(Items from a dataset)
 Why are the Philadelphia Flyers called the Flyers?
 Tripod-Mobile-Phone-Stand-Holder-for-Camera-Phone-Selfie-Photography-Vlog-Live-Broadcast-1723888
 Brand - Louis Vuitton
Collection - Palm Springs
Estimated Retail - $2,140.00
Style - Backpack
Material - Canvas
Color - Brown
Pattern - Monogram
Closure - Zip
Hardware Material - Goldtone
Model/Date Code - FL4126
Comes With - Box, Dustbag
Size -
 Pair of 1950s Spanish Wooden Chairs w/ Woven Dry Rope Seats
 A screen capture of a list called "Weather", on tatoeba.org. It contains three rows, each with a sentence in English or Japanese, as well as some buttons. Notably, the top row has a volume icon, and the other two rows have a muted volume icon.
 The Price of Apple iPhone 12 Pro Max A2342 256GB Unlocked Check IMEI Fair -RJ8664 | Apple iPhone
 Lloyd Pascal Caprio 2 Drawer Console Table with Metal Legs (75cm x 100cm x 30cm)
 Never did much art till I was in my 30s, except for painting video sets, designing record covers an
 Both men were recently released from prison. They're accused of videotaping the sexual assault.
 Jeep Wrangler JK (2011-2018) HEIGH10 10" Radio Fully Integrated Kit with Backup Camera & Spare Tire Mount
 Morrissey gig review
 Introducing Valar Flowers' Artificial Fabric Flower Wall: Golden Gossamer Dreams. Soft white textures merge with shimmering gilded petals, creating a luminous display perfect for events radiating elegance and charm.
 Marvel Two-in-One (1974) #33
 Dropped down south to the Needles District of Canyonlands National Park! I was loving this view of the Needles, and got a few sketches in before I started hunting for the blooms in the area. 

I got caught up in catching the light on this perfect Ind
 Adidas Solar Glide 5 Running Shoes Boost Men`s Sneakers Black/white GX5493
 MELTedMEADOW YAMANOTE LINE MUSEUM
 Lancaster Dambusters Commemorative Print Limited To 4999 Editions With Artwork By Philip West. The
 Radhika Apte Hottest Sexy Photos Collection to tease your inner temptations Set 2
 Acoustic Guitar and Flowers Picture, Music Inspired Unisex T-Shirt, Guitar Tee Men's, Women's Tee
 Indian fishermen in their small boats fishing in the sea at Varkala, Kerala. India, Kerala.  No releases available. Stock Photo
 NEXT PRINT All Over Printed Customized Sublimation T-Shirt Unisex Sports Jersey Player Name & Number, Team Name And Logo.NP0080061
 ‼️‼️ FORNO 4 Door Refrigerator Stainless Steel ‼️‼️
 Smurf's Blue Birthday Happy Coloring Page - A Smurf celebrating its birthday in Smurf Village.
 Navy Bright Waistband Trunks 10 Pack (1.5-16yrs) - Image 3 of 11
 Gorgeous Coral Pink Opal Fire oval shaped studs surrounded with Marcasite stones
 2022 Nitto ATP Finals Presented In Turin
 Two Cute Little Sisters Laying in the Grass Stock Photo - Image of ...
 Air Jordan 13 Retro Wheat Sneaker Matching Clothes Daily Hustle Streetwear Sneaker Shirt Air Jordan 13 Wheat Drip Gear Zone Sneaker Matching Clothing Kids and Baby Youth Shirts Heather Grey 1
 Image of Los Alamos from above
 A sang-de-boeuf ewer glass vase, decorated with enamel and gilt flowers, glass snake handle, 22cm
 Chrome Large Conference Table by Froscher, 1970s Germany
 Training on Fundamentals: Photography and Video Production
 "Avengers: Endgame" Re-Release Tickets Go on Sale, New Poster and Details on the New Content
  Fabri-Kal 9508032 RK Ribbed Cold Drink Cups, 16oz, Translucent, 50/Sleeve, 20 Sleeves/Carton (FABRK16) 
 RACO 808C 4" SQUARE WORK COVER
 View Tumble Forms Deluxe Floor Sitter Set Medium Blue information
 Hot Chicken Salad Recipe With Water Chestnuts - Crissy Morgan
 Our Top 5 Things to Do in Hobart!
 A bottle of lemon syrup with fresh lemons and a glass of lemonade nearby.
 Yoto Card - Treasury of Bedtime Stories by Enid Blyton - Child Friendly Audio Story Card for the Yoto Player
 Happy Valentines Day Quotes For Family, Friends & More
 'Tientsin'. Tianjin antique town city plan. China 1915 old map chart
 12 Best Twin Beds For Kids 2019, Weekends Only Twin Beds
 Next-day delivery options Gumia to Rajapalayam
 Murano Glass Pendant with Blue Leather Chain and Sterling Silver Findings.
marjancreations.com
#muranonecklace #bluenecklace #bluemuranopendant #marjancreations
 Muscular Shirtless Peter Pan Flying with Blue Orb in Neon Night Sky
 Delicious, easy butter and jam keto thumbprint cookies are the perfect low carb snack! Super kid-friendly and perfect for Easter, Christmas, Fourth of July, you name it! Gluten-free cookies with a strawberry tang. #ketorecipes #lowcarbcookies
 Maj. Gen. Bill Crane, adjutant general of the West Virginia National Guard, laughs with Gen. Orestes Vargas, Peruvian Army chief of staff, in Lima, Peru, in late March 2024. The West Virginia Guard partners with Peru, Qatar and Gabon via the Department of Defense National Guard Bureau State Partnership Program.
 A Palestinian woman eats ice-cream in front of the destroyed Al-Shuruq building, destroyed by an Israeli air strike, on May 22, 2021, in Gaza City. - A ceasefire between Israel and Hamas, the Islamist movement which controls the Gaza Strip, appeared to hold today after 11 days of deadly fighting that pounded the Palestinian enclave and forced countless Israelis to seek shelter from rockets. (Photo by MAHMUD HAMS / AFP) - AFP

WHAT NEEDS TO BE DONE: State the count of lines above containing the string "Happy", and add nothing to it.

SOLUTION FOR THIS EXERCISE: 2